Print, word for word, only the lines from the one with "Congratulations FDA Registraion" down to the last line of the listing below; no pictures.

BEGIN Exercise data

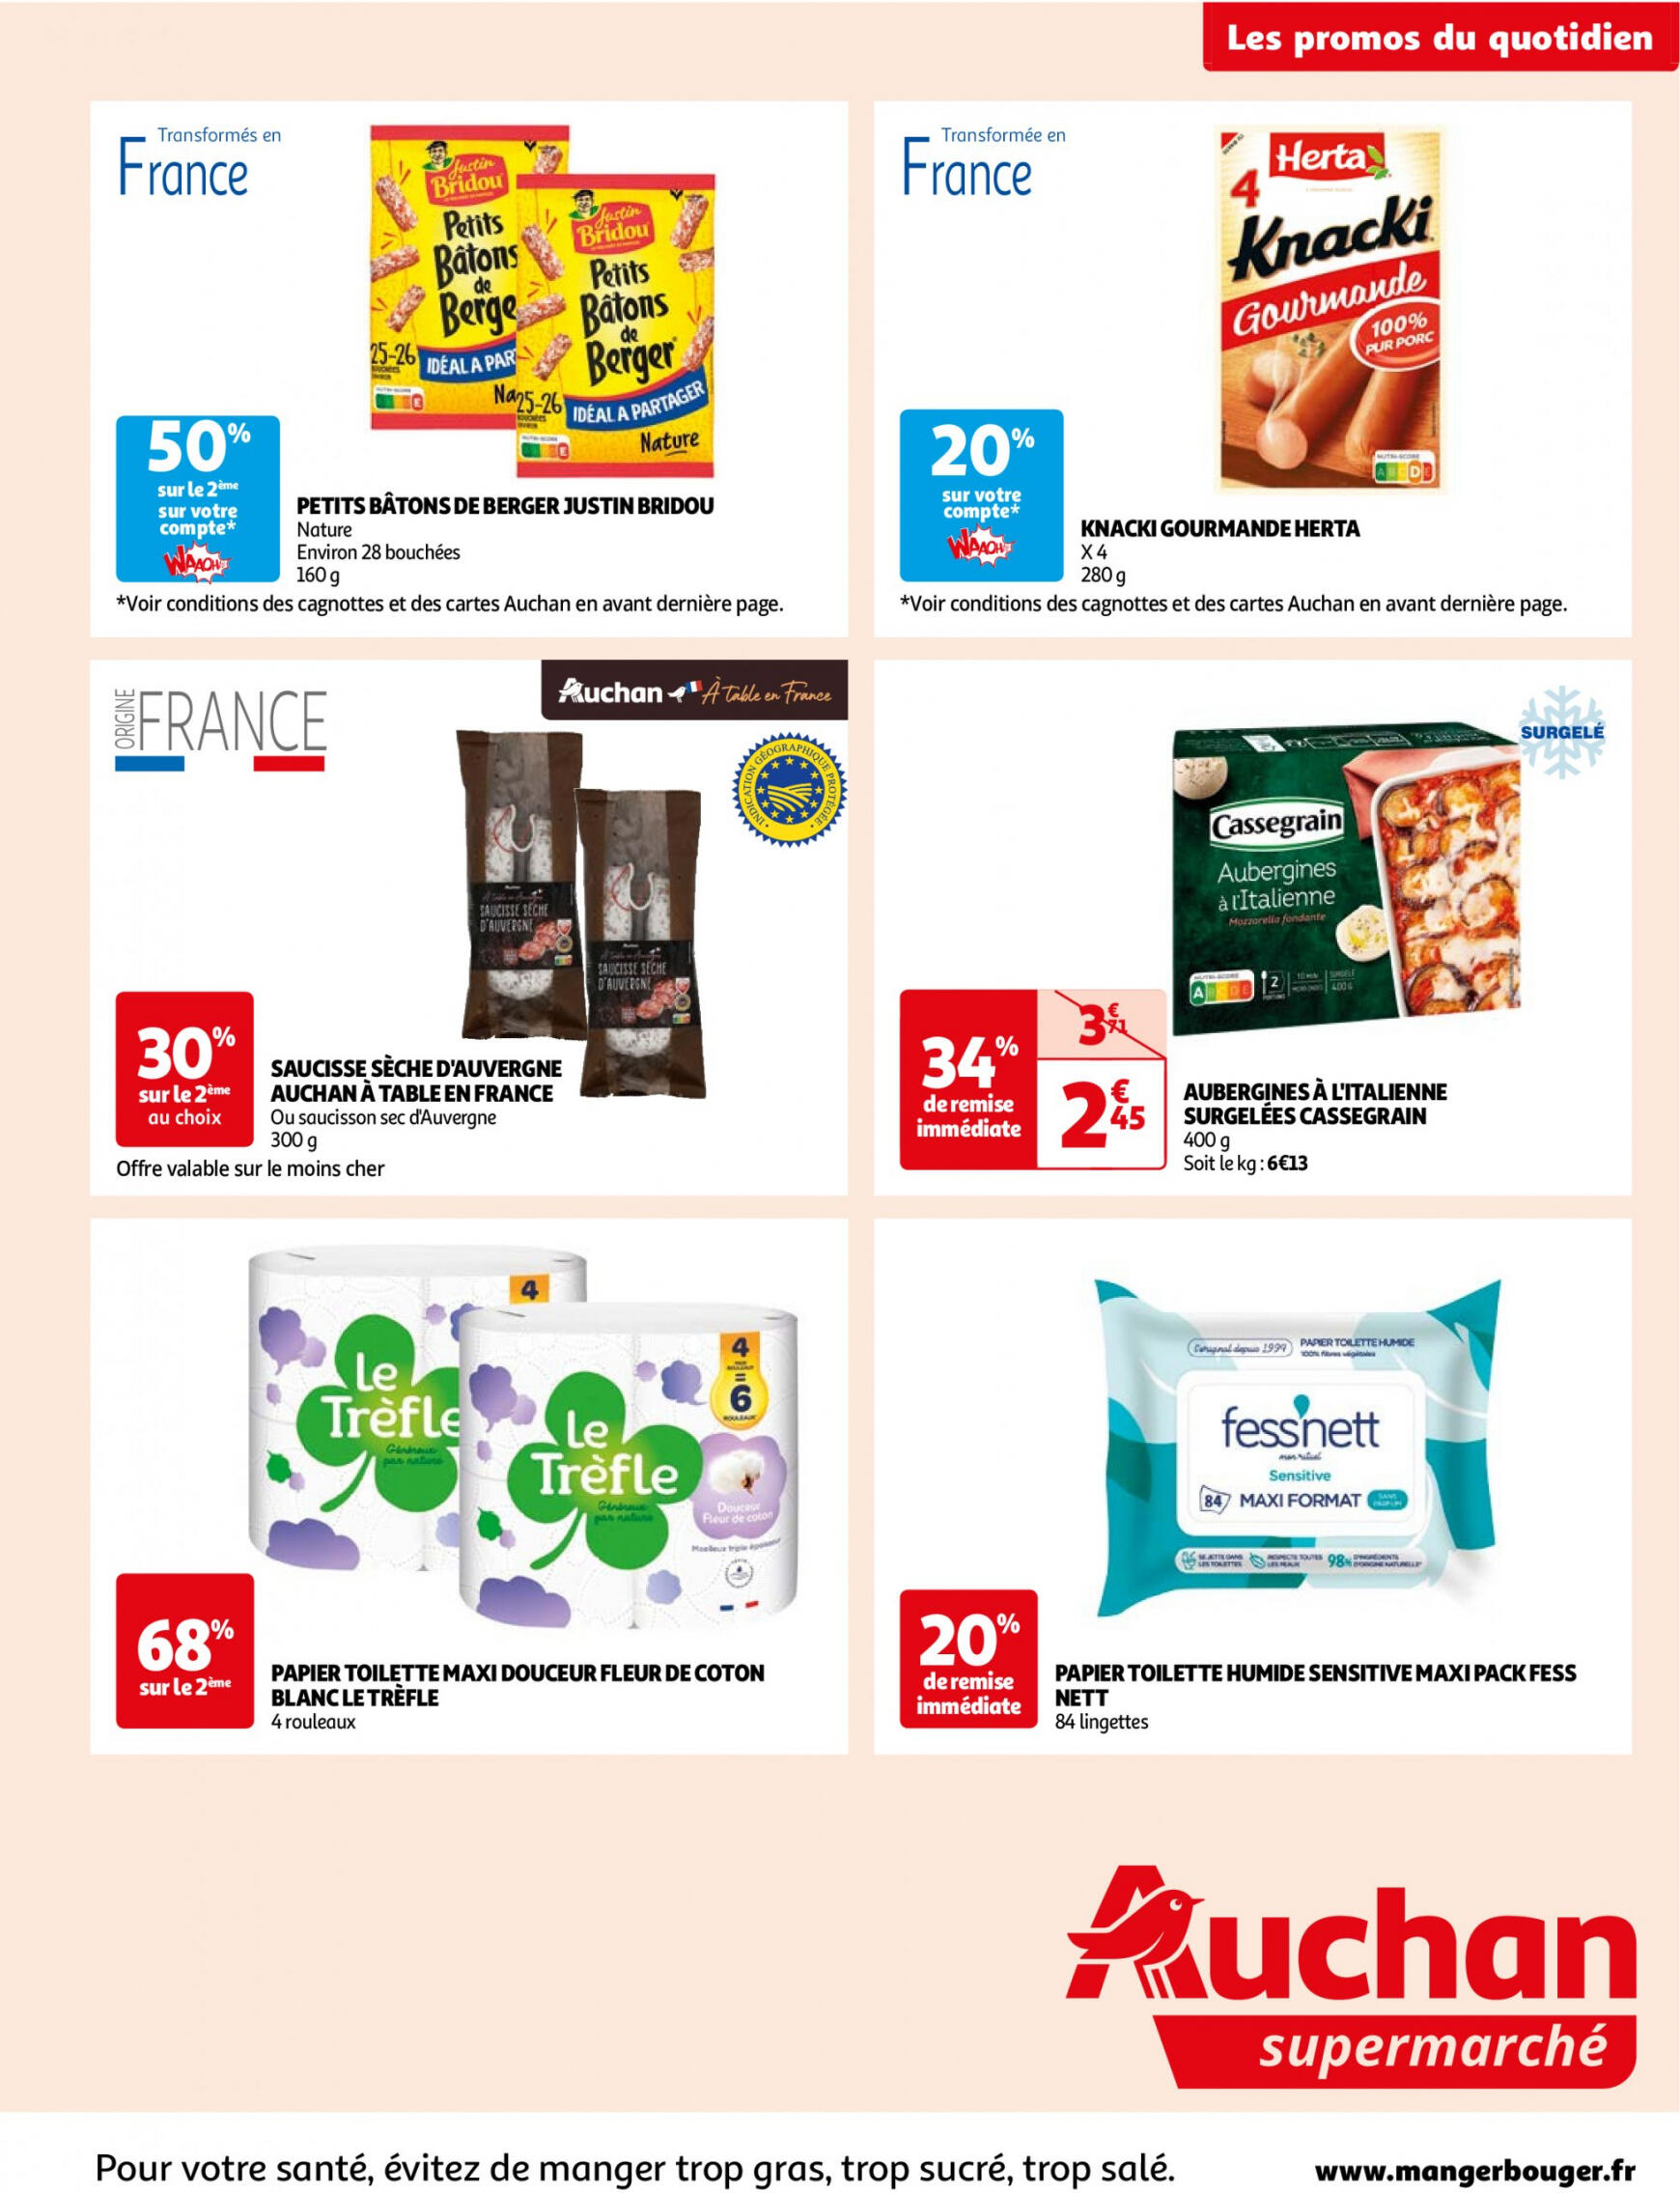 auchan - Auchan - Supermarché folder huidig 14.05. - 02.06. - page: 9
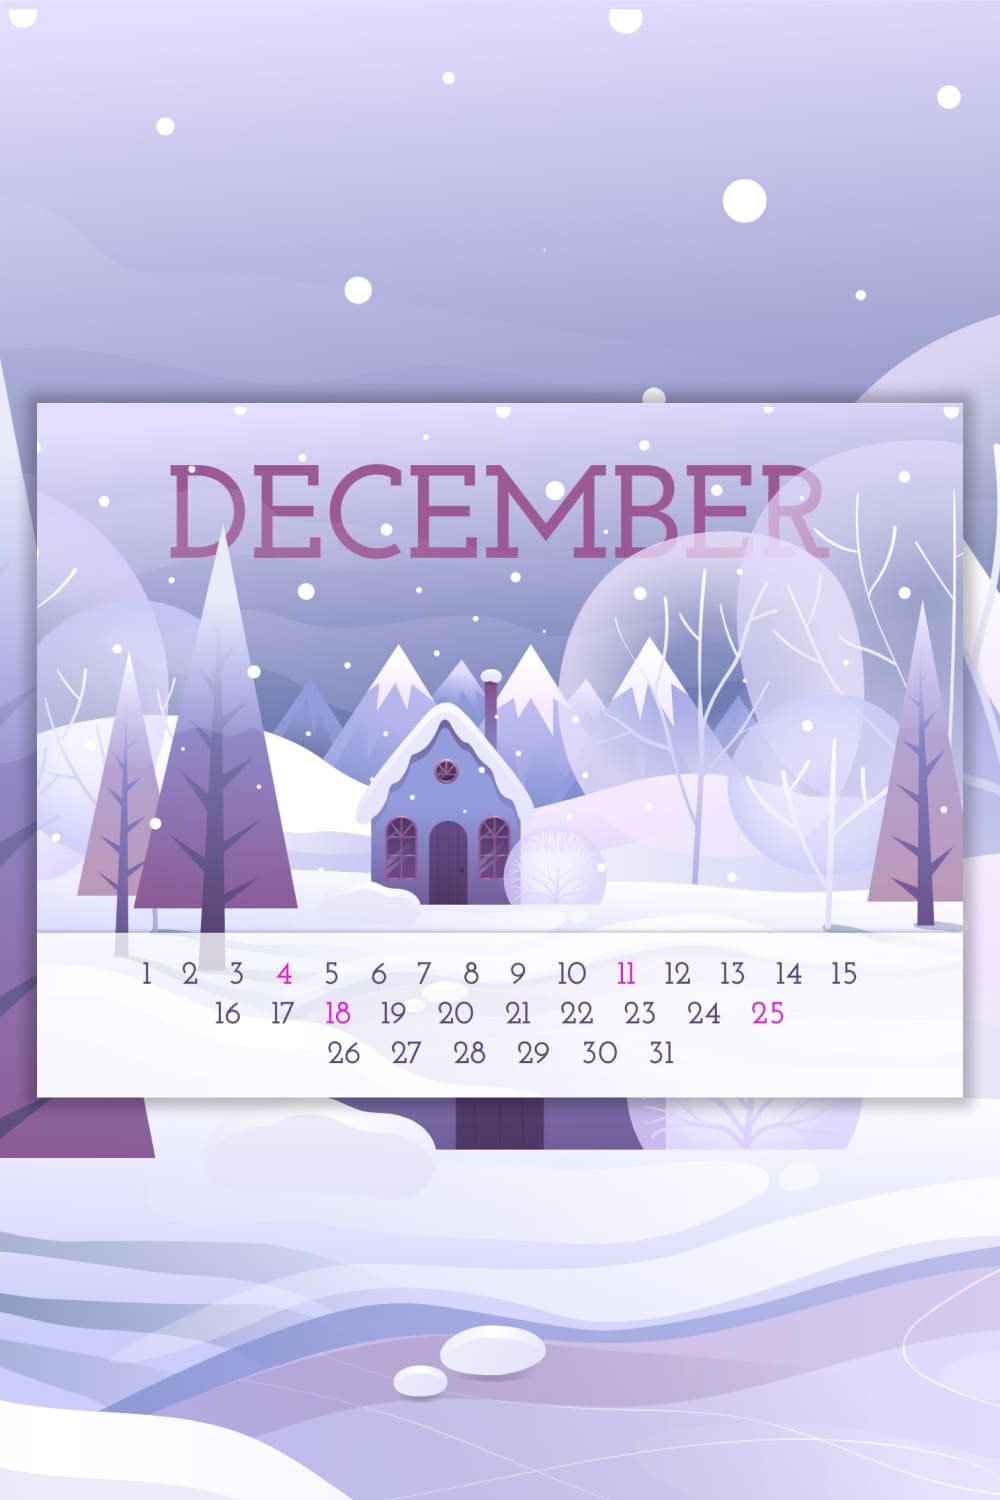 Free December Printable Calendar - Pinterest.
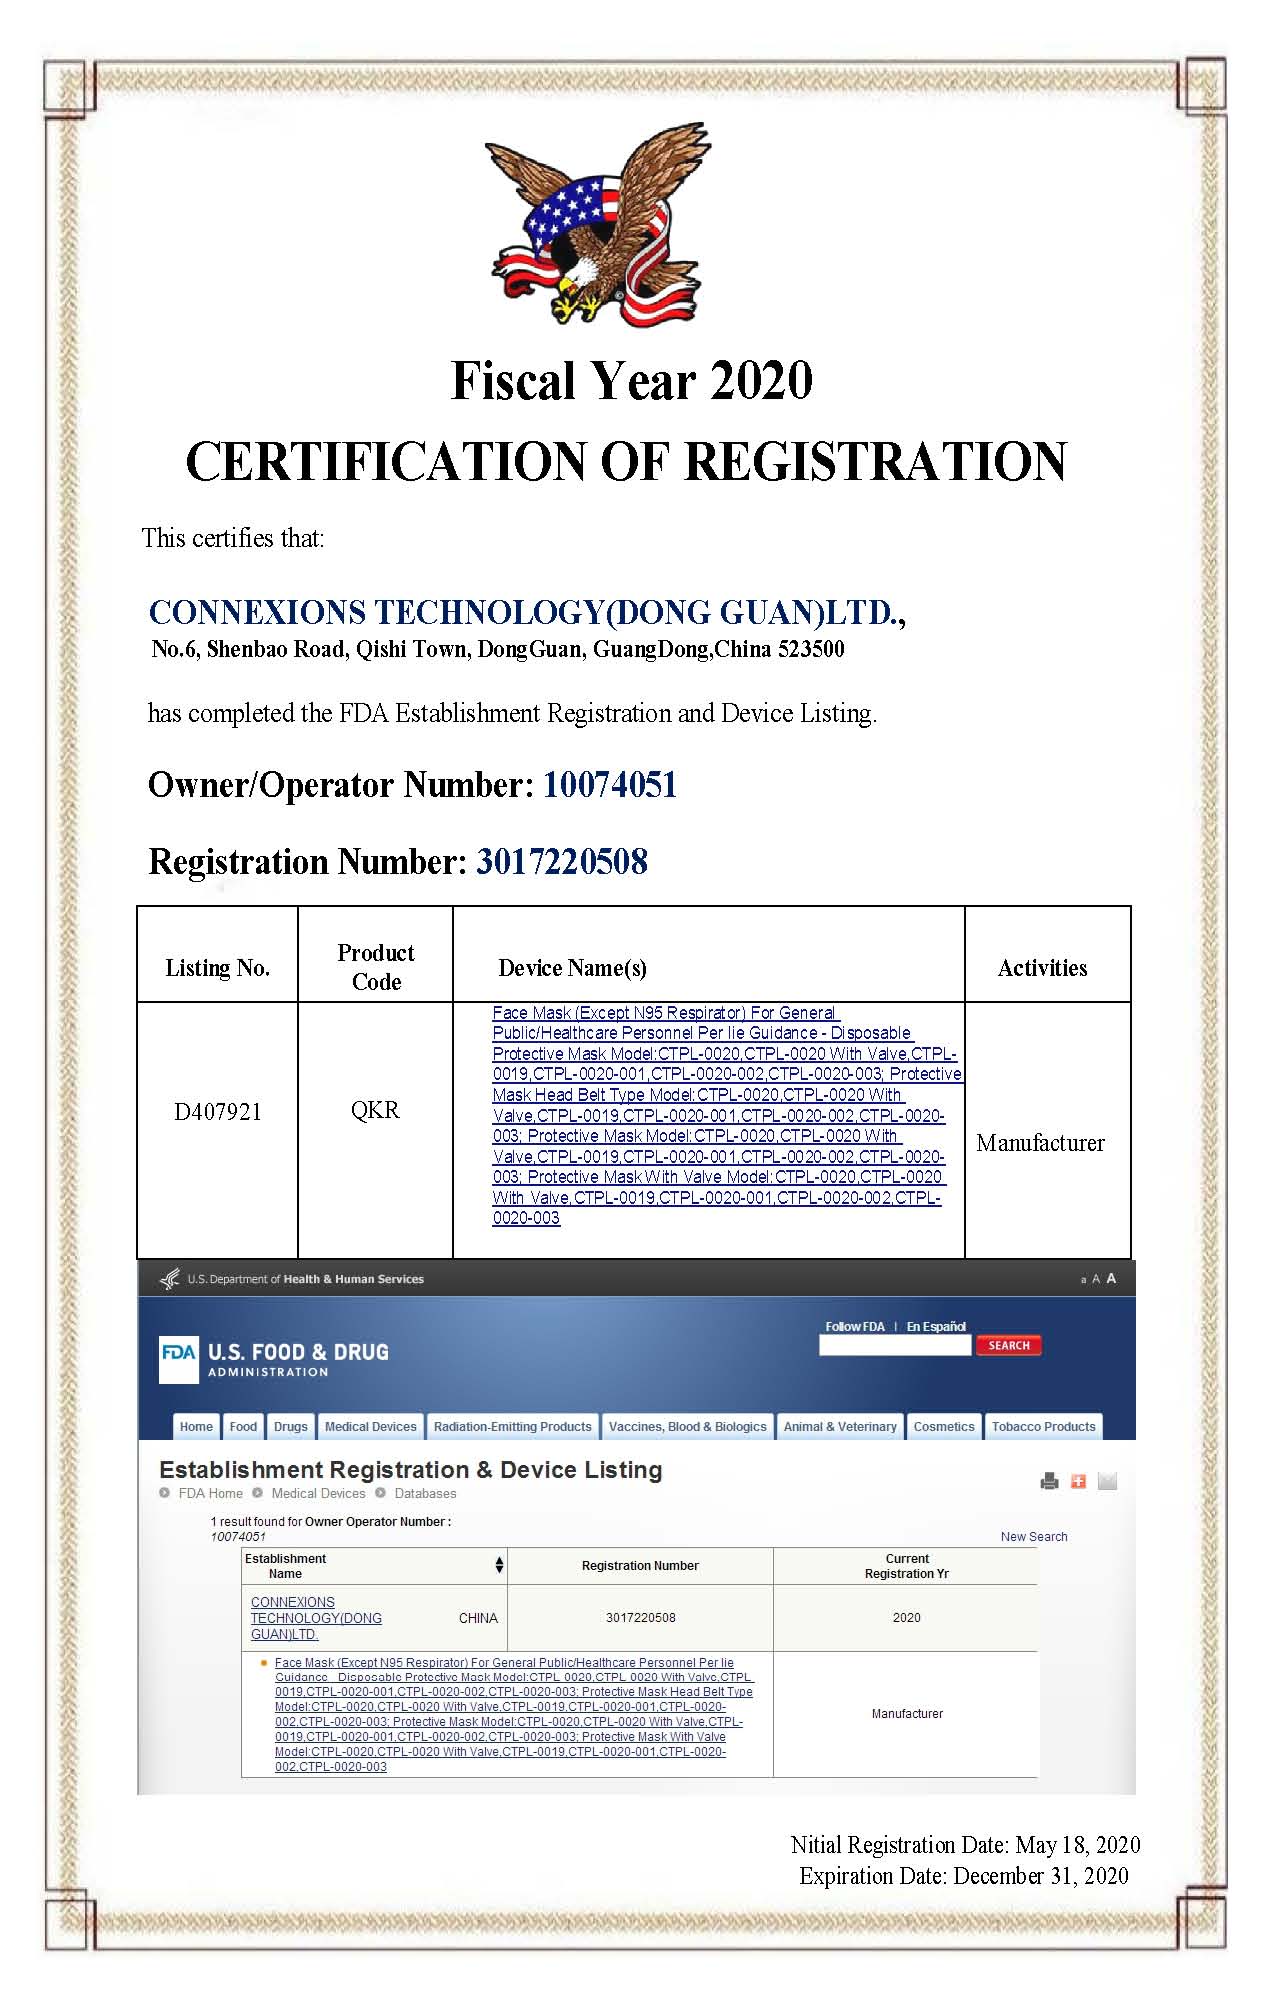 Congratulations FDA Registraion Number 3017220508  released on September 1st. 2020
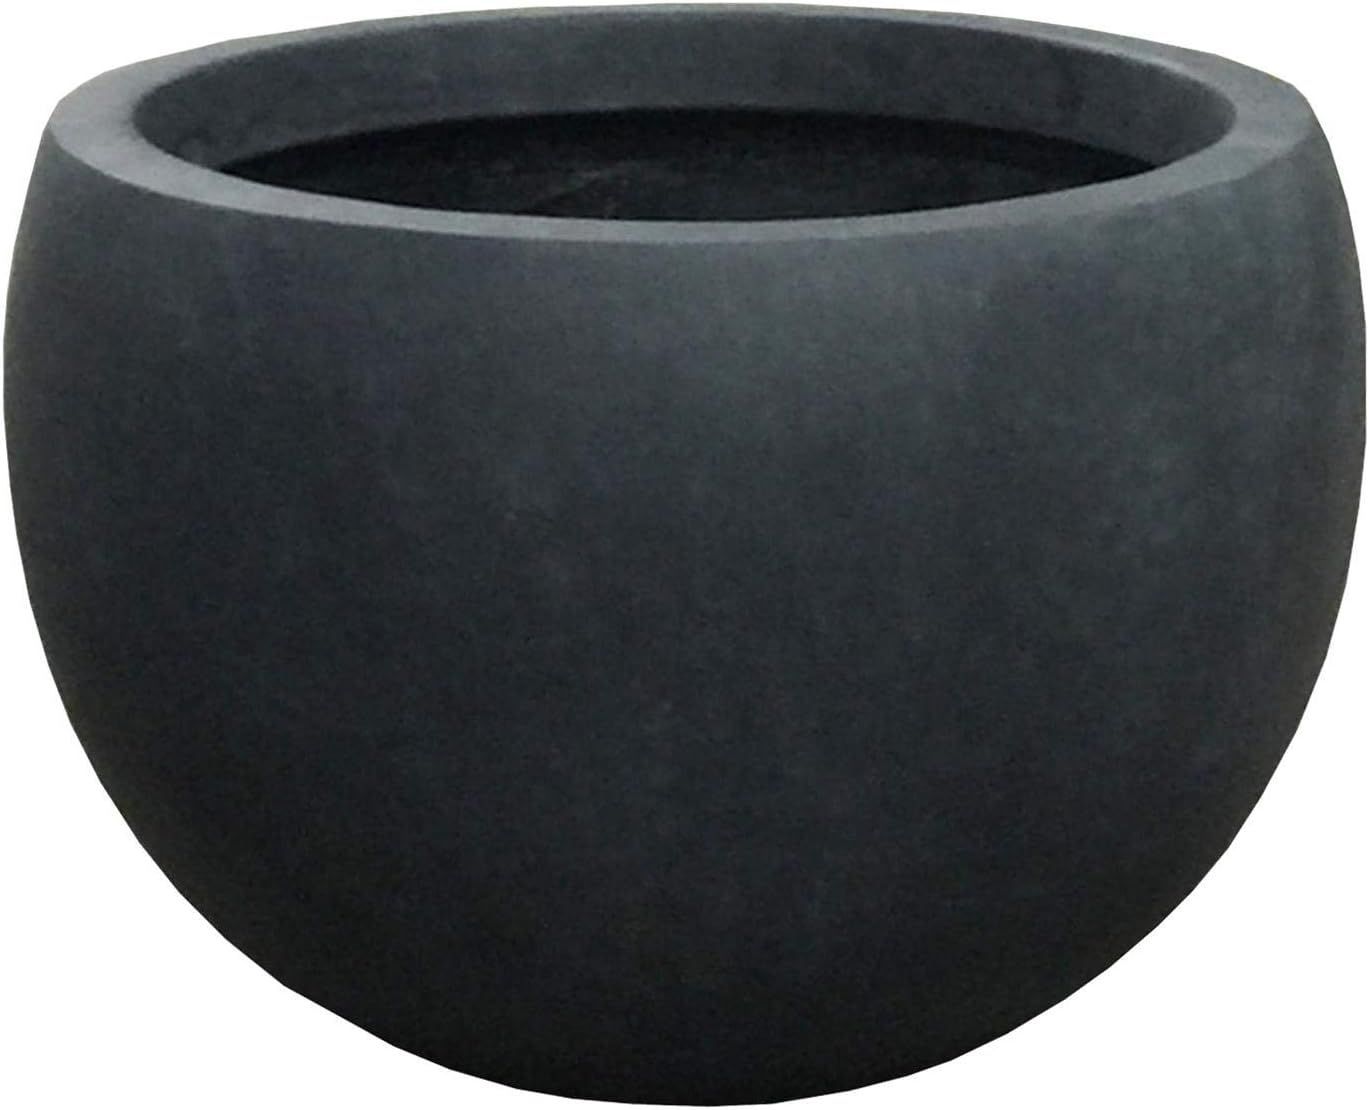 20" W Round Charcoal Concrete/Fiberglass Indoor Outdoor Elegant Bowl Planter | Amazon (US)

END Exercise data

--- Output of the exercise ---
 Congratulations FDA Registraion Number 3017220508  released on September 1st. 2020
 20" W Round Charcoal Concrete/Fiberglass Indoor Outdoor Elegant Bowl Planter | Amazon (US)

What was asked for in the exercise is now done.